┌──

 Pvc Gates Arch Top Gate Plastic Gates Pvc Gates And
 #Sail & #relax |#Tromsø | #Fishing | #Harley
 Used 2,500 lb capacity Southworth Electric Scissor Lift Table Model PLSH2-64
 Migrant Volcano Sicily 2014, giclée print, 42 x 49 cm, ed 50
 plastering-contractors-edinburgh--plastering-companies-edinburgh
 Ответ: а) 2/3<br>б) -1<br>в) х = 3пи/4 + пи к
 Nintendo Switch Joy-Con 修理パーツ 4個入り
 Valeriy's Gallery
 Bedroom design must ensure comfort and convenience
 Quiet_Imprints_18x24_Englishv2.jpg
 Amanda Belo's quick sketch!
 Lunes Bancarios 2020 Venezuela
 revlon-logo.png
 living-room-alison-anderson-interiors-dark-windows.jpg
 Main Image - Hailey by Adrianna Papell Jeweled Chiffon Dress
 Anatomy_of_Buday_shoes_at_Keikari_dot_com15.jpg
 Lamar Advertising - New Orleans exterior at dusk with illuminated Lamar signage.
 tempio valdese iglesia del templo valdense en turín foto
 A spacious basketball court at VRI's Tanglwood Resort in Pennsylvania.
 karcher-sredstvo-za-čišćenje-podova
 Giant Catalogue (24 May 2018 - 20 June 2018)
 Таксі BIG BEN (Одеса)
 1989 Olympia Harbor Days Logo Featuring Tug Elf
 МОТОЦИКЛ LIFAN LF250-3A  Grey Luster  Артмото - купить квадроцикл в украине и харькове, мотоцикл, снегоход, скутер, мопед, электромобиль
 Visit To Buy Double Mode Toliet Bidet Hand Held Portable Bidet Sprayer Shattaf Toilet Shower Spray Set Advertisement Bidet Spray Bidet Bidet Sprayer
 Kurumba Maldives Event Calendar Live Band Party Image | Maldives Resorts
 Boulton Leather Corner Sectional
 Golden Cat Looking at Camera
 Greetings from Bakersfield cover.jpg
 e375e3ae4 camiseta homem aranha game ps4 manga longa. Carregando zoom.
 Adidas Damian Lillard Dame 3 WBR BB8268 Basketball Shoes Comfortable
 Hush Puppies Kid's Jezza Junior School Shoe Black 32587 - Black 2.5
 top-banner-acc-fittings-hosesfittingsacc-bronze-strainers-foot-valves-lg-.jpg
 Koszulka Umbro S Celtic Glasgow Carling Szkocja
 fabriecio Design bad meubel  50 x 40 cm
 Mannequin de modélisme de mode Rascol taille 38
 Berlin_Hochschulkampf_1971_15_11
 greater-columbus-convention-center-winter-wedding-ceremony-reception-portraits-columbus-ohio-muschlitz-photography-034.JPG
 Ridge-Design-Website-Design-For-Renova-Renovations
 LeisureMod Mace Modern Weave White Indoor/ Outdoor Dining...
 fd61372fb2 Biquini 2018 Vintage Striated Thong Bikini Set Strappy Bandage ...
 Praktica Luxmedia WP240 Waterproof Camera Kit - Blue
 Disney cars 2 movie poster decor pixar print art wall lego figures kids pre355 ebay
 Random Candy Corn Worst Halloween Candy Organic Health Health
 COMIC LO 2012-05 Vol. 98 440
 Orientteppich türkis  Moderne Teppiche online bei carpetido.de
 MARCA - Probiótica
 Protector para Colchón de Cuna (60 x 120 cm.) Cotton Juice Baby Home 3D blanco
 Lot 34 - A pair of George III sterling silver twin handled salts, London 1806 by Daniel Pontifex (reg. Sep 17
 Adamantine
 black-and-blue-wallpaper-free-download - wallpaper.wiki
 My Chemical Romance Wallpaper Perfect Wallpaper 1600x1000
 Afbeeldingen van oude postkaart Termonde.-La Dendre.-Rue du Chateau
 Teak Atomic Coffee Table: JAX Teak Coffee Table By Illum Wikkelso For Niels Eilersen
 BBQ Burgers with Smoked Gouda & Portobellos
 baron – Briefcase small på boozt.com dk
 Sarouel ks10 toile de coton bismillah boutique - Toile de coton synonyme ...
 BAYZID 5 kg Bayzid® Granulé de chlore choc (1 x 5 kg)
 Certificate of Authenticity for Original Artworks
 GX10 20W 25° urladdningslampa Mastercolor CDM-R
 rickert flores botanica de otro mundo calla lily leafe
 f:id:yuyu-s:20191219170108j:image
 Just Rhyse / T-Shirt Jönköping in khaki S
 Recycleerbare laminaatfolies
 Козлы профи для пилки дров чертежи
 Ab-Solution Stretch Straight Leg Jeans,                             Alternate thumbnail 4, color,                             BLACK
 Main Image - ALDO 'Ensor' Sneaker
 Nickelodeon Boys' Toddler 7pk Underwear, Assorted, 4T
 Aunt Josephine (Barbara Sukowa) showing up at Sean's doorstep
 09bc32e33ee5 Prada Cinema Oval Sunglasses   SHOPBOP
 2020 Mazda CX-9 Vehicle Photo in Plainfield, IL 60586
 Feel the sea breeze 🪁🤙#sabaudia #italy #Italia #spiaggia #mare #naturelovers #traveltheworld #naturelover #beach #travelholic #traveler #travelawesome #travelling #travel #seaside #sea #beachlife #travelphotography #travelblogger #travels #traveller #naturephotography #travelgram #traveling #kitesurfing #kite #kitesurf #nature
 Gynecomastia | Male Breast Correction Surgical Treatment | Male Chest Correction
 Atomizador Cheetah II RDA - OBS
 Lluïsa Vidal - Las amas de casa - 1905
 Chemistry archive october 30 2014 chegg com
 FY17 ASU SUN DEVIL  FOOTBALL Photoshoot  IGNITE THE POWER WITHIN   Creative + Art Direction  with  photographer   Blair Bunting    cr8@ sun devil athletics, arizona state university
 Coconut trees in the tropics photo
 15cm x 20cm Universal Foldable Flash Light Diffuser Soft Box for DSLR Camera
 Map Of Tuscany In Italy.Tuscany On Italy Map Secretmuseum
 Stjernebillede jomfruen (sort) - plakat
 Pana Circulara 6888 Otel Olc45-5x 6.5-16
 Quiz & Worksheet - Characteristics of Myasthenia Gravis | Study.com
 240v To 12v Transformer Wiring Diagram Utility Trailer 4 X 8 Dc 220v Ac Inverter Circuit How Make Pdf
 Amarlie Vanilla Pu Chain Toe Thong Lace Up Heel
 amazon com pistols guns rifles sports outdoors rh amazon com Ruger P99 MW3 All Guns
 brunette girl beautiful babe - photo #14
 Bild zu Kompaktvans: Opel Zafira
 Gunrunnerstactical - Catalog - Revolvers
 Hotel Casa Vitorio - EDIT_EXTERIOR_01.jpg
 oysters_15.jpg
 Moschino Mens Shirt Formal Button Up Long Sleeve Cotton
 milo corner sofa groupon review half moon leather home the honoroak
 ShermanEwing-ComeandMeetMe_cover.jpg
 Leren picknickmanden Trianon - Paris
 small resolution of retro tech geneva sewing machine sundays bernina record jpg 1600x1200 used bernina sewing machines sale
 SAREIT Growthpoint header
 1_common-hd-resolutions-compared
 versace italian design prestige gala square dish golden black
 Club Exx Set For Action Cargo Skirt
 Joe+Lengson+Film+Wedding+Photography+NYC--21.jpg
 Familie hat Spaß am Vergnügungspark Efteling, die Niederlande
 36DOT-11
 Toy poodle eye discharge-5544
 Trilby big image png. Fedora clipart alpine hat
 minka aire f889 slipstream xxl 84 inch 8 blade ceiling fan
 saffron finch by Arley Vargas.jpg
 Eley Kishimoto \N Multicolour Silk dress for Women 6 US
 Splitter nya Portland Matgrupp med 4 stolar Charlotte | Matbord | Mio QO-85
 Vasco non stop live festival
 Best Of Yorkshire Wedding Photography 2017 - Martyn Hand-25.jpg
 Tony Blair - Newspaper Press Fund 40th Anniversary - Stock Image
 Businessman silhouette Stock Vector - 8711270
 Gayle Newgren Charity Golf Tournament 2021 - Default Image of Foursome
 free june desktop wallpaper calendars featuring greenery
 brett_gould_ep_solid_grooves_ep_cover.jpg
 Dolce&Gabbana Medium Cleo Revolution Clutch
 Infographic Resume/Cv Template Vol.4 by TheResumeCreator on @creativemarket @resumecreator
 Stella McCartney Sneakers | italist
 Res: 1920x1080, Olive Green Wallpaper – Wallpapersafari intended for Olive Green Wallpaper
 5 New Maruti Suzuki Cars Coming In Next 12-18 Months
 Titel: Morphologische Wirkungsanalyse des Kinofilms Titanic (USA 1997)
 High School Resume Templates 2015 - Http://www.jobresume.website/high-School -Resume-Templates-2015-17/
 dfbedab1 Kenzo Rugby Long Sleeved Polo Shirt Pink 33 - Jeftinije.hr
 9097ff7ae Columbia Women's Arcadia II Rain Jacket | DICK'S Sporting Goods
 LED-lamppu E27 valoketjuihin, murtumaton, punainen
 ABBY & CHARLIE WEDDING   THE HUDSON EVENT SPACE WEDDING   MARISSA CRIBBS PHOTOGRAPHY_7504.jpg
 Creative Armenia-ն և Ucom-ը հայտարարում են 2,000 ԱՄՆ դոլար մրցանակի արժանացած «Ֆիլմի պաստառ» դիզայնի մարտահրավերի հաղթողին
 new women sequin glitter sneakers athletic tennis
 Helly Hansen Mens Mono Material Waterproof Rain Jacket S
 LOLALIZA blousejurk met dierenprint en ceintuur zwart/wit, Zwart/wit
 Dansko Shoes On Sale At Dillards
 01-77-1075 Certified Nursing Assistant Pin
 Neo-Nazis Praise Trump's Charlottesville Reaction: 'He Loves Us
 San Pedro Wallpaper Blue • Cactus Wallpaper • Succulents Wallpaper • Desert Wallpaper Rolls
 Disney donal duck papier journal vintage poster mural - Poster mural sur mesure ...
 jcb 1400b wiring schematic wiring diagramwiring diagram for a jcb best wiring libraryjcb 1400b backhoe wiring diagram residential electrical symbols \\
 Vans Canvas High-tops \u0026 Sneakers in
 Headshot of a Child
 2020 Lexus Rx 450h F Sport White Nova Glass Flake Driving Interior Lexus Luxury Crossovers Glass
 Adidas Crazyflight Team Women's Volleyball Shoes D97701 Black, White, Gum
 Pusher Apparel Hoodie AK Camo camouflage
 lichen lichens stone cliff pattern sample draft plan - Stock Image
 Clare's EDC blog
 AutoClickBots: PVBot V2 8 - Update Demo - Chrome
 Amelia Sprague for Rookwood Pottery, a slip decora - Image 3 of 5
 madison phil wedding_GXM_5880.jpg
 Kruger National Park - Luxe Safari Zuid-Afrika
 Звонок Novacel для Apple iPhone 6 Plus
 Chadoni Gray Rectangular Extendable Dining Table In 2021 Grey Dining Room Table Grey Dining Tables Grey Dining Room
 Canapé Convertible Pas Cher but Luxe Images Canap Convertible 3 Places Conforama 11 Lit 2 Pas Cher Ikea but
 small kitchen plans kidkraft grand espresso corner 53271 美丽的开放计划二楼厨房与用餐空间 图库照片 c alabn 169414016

└──

**Problem to work on:** Only one stretch of the records above is wanted: the lines between the one holding "jcb 1400b wiring" and the one holding "AutoClickBots: PVBot V2", inclusive, reproduced exactly.

**Exercise output:**
 jcb 1400b wiring schematic wiring diagramwiring diagram for a jcb best wiring libraryjcb 1400b backhoe wiring diagram residential electrical symbols \\
 Vans Canvas High-tops \u0026 Sneakers in
 Headshot of a Child
 2020 Lexus Rx 450h F Sport White Nova Glass Flake Driving Interior Lexus Luxury Crossovers Glass
 Adidas Crazyflight Team Women's Volleyball Shoes D97701 Black, White, Gum
 Pusher Apparel Hoodie AK Camo camouflage
 lichen lichens stone cliff pattern sample draft plan - Stock Image
 Clare's EDC blog
 AutoClickBots: PVBot V2 8 - Update Demo - Chrome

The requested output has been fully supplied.